Nieruchomosci-online.pl - Tu zaczyna się dom tu zaczyna się dom

Po co pośrednikowi znajomość ustawy o własności lokali? Część pierwsza

Zdjęcie z artykułu

Artykuł pochodzi z magazynu ESTATE

Czytaj cały numer!

            Pobierz numer 04/2025
Ewa Klos-Rychter

Ustawa o własności lokali z 24 czerwca 1994 roku kojarzona jest najczęściej z pracą zarządców nieruchomości, ponieważ w znacznej części dotyczy działalności wspólnot mieszkaniowych. Znajomość przepisów ustawy jest jednak równie ważna dla pośredników, ponieważ dotyka ona wielu obszarów ich zawodowej działalności.

Dodatkowo warto wiedzieć, że w dniu 19 września bieżącego roku na stronach Kancelarii Rady Ministrów ukazały się założenia do projektu nowelizacji wspomnianej ustawy, największej od 30 lat. Co wkrótce zmieni się w przepisach i w jakim zakresie te zmiany wpłyną na codzienną pracę pośredników?

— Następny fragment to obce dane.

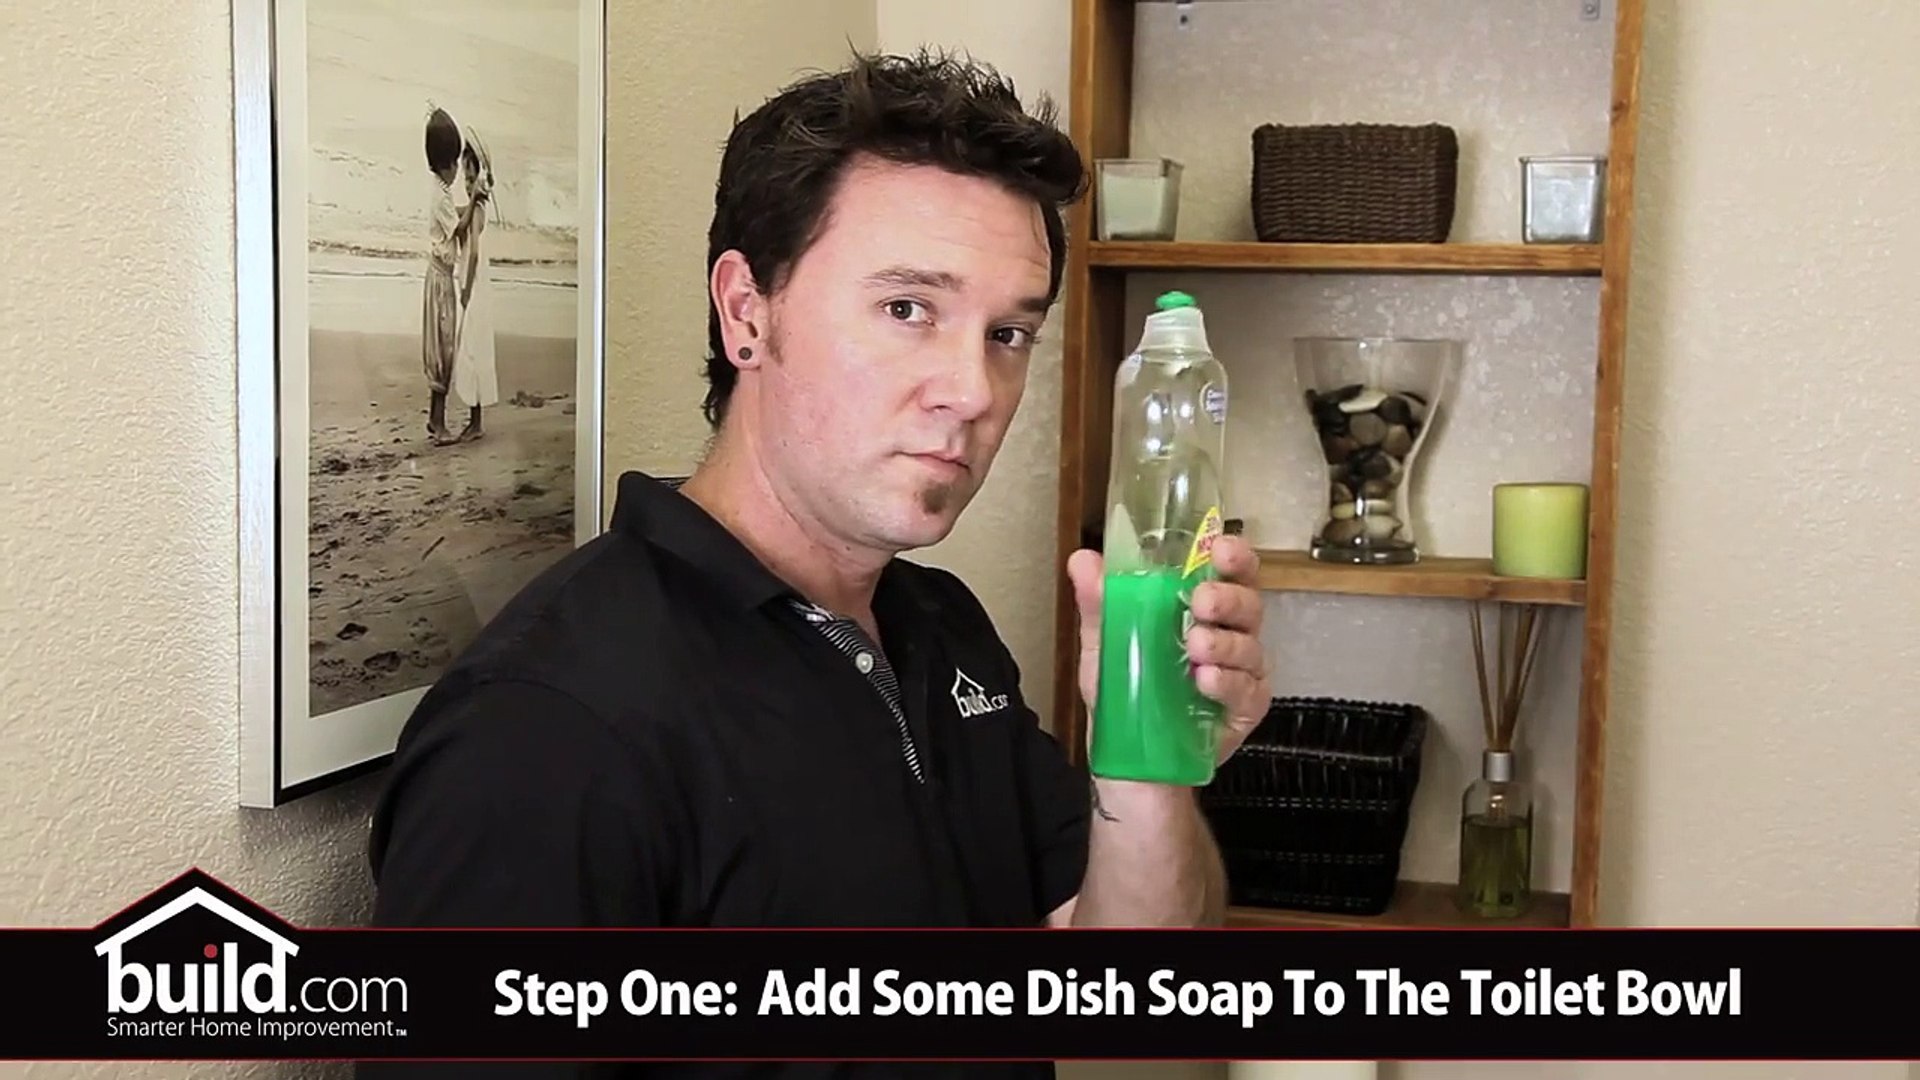 Astuce insolite (mais qui marche) : du liquide vaisselle pour déboucher les  toilettes - Vidéo Dailymotion

Po pierwsze, nie tylko wspólnoty

Zasady wyodrębniania samodzielnych lokali mieszkalnych to ważny aspekt w pracy pośrednika.

Ustawa o własności lokali w pierwszym rzędzie definiuje, czym w świetle prawa jest samodzielny lokal oraz reguluje proces jego powstawania. I nie chodzi tylko o warunki techniczne, ale w szczególności o spełnienie prawnych wymogów powstania nowego produktu na rynku nieruchomości. Jeśli pośrednik obsługuje rynek pierwotny, wówczas na co dzień styka się z realizacją takiego procesu przez deweloperów – od momentu zakończenia budowy, poprzez uzyskanie zaświadczeń o samodzielności lokali, wizytę u notariusza aż do założenia księgi wieczystej dla nowopowstałego lokalu. Pośrednik powinien zdawać sobie sprawę z kolejnych etapów wyodrębniania mieszkań, co jest istotne w rozmowach zarówno z deweloperami (zwłaszcza, gdy stara się pozyskać umowę na wyłączność), jak i klientami, w szacowaniu terminów realizacji przedsięwzięcia oraz uzasadnianiu klientom ewentualnych opóźnień.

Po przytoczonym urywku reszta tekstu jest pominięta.